For the listing below, output exactly the lines from the line with "Jean Paul Gaultier" up to and including the line with "You Being Beautiful: The", and no other lines.
━━ Exercise data
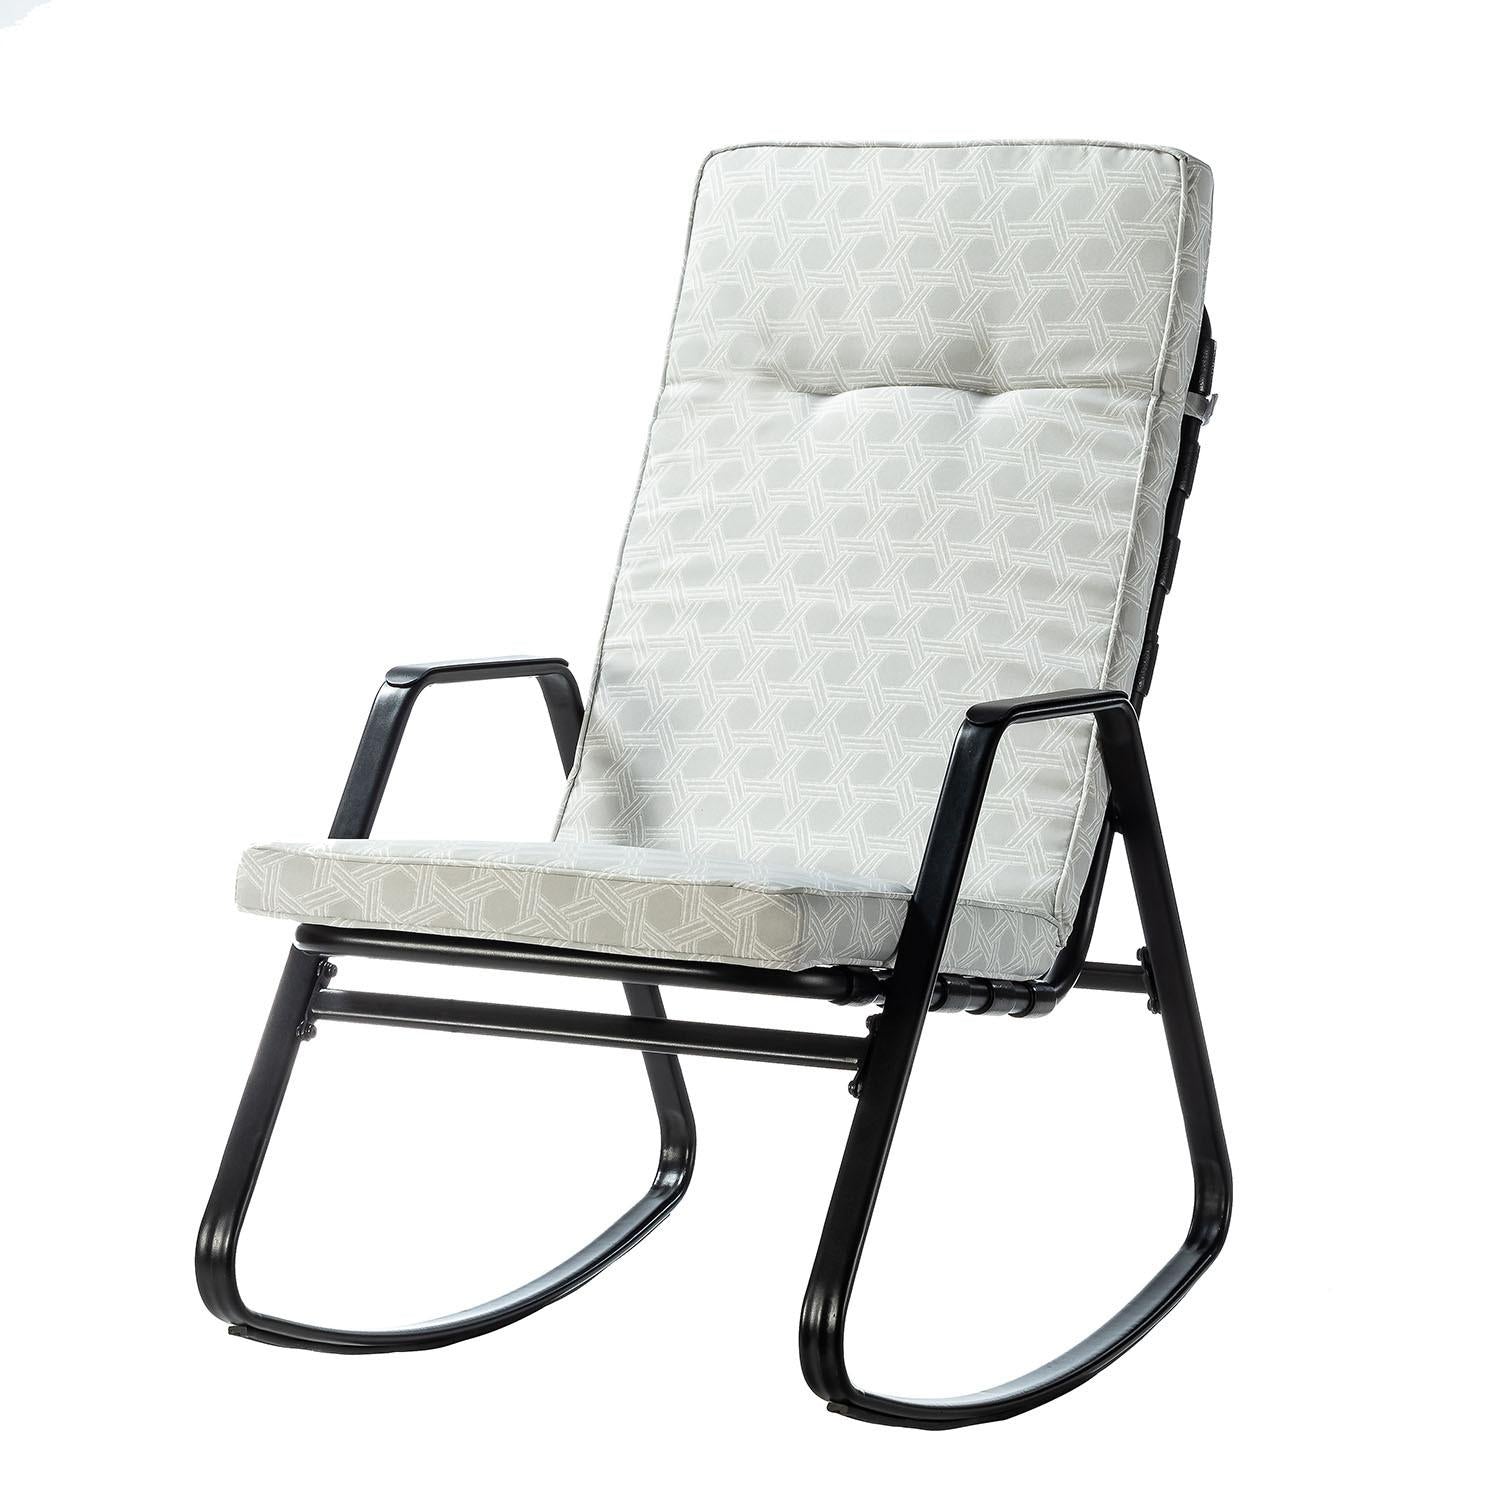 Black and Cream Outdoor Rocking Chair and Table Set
━━━━
━━ Exercise data
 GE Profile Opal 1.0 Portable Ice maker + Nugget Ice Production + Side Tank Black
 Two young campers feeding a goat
━━━━
━━ Exercise data
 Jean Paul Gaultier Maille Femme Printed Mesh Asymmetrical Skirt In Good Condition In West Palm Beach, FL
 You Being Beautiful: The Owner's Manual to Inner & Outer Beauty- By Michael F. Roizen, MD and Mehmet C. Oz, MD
━━━━
● Answer section
 Jean Paul Gaultier Maille Femme Printed Mesh Asymmetrical Skirt In Good Condition In West Palm Beach, FL
 You Being Beautiful: The Owner's Manual to Inner & Outer Beauty- By Michael F. Roizen, MD and Mehmet C. Oz, MD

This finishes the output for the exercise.